The segmented regions and docked models are shown in Figure 4a,c. The results by VolRover include 2 regions, each one corresponding to a single protein in the top and bottom rings of the GroEL. Submitted VolRover results did not include a region corresponding to the protein in the lid section (GroES). Both Segger and VolRover produce regions in individual chains that are quite similar to the docked structures, aside from a few small red areas (Figure 4b ?). The results submitted for hENM include 24 regions (figure 4a). None of the segmented regions seemed to match any docked models closely and hence no comparison is shown in Figure 4.

4.3. GroEL+GroES @ 23.5Å resolution

This map was segmented at a threshold of 0.06 with Segger. After 3 smoothing and grouping steps, single regions were obtained for each protein in the lid (GroES section), and 2 regions corresponded to each protein in the barrel (GroEL section). Regions corresponding to the same protein were then joined interactively.

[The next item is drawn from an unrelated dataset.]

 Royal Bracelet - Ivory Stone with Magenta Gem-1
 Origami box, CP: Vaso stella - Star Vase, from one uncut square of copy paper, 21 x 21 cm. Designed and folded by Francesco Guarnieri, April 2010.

Chains A, H and O from PDB:2C7C were docked into the map to corresponding regions using Segger. The z-scores were very low (<5) for all chains, most likely due to the low resolution of the map (Table 3). However all-atom RMSD scores between docked models and the crystal structure (here computed for each ring rather than the entire complex) were reasonable (A:5.07, H:3.06, O:6.03) for this resolution map, showing the docked results are quite close to the crystal structure. All-atom RMSD scores between Segger and Multifit results were also low (A:2.49, H:3.15, O:6.24).

Table 3.

Docking scores for GroEL+GroES @ 23.5Å resolution.

PDB:1GRU chain A (7 unique fits found)
Score z-score Top score Mean STDev
Cross-correlation 5.65 0.94 0.76 0.032
Atom Inclusion 1.83 0.99 0.81 0.102
Density occupancy 3.98 0.68 0.46 0.055
Clash score −1.18 0.03 0.23 0.171
PDB:1GRU chain H (7 unique fits found)
Cross-correlation 2.59 0.93 0.85 0.032
Atom Inclusion 1.87 0.99 0.92 0.038
Density occupancy 1.98 0.55 0.46 0.045
Clash score −1.20 0.10 0.34 0.203
PDB:1GRU chain O (7 unique fits found)
Cross-correlation 2.59 0.93 0.85 0.032
Atom Inclusion 1.87 0.99 0.92 0.038
Density occupancy 1.98 0.55 0.46 0.045
Clash score −1.20 0.10 0.34 0.203

The segmented regions and their comparison to the docked models are shown in Figure 5a–b. VolRover results included one region per protein in the barrel (GroEL section), but no regions for the lid (GroES section). Results with hENM show 83 regions, which somewhat follow the protein boundaries, but single regions were not obtained for each protein. Again, both VolRover and Segger regions are very close to the docked models (Figure 5c).

Figure 5.

Figure 5

(a) Density maps and segmentation results for GroEL at 23.5Å resolution (EMDB 1046). (b) Comparison of segmented regions from Segger and Volrover and the docked models. (c) All Segger-docked models inside the density map.

4.4. Mm-cpn @ 4.3Å resolution

This map has D8 symmetry and it represents an assembly with 16 proteins, which are arranged in two rings of 8 proteins each. The map was segmented at a threshold of 0.3. A total of 6 smoothing and grouping steps were performed to obtain 48 regions, or 3 regions for each of the 16 proteins. The 3 regions corresponding to each chain were then grouped interactively.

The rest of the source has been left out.